Compte tenu des besoins de la population urbaine et leur croissance, la mobilisation des ressources nationales se présente comme un élément supplémentaire de sécurisation des filières d'approvisionnement. L'étude des besoins alimentaires urbains a montré le recours aux flux d'importation, pour le riz notamment (denrées insuffisamment produite à l'échelle nationale pour combler les besoins). Ceci peut engendrer non seulement une dépendance mais un risque accru de fragilité en termes de sécurité alimentaire.

Dans ce contexte, la grande dépendance des populations urbaines vis à vis des sources d’énergie permettant de cuisiner constitue un enjeu aussi important que la satisfaction des besoins alimentaires. En ce sens, le bois énergie est une ressource qui entre dans la gamme des produits permettant la satisfaction des besoins alimentaires. Dans les pays sahéliens, il est indispensable de considérer ensemble les produits vivriers et bioénergétiques. Ils répondent à un même enjeu : celui de la sécurité alimentaire.

En milieu urbain, la valorisation des espaces d’interstices permet l’autoproduction de quelques denrées alimentaires (cela représente 10 % de l'approvisionnement, source EMEP). En revanche, la fourniture de bois énergie répond à d'autres logiques. Elle suppose un réseau d'approvisionnement fondé sur l'accès aux ressources locales, qui ne sont pas disponibles en milieu urbain.
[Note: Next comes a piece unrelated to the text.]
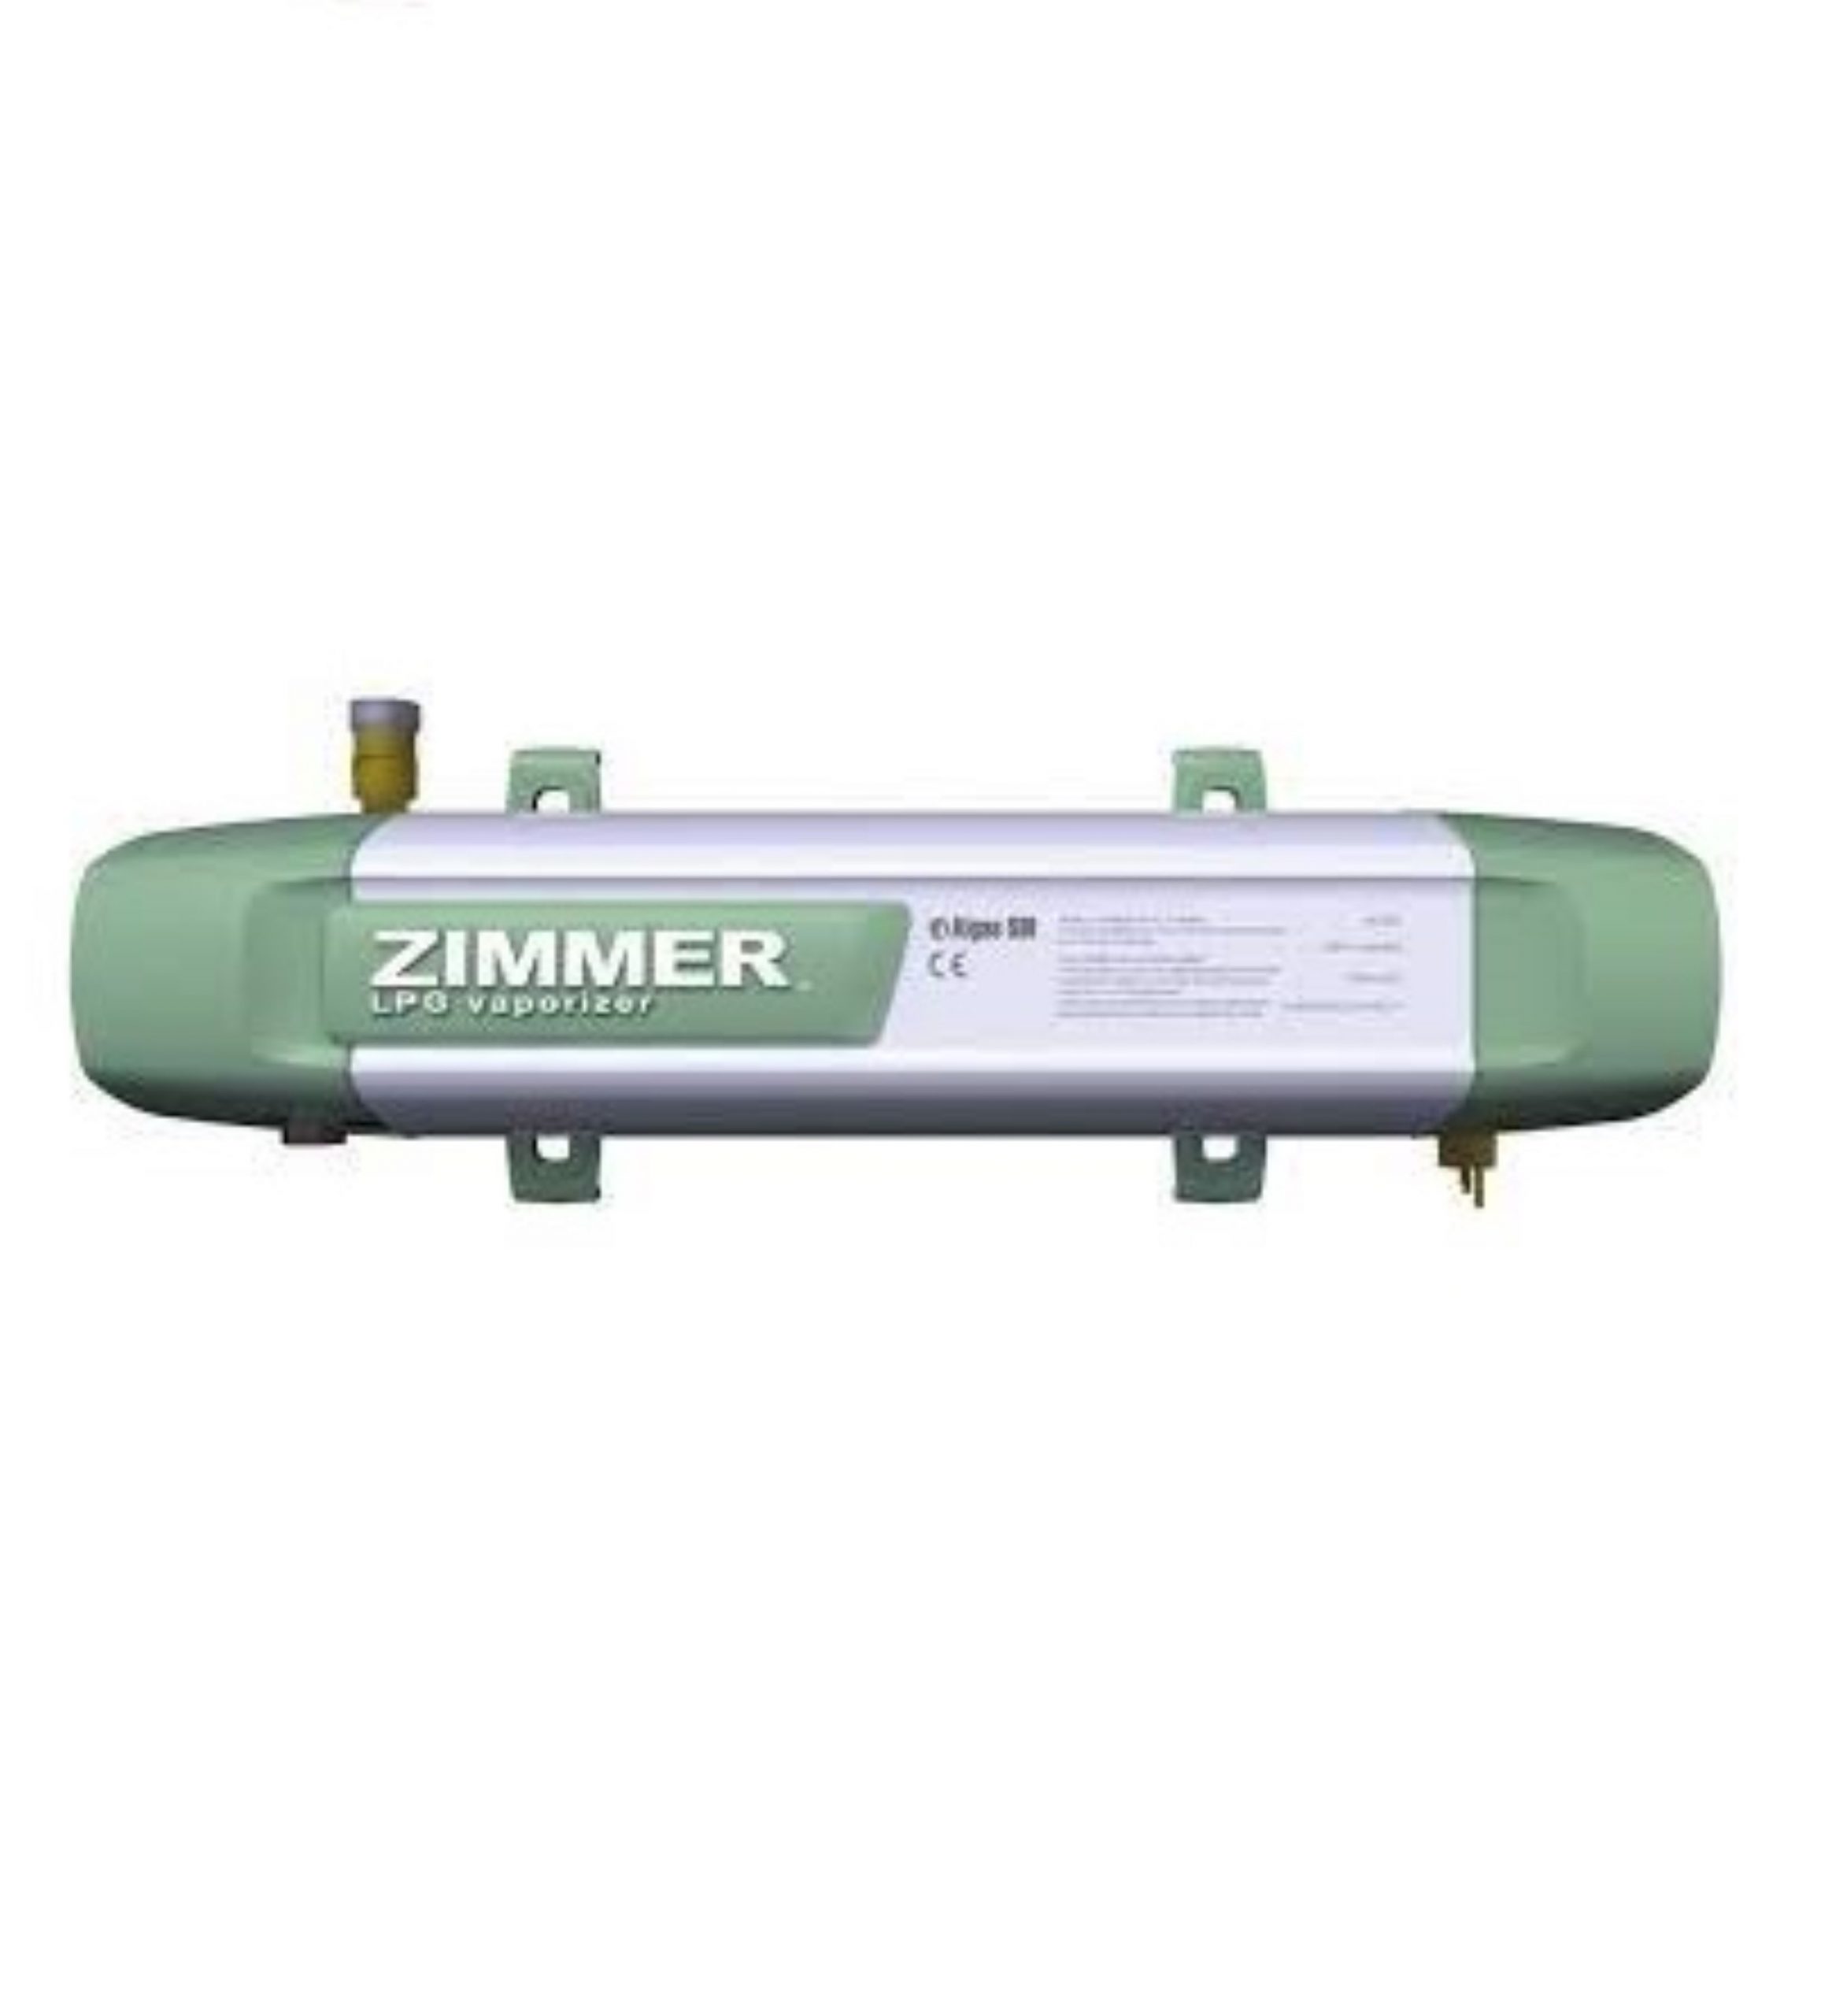 ZIMMER LPG VAPORIZER  40 KG/HR ,  100-240V, SINGLE PHASE, Z40 in UAE

La prise en compte des préférences des Bamakois nous incite à questionner le potentiel de la périphérie et sa capacité à répondre aux besoins urbains. Les énormes besoins en bois énergie, en produits maraîchers et condiments montrent que la sollicitation des ressources périphériques peut être une réponse pertinente aux inquiétudes liées à l'approvisionnement alimentaire en milieu urbain. L’exploitation des potentialités agricoles locales, le raccourcissement des circuits entraîne en effet une diminution des coûts et limite les aléas liés au transport de marchandises périssables.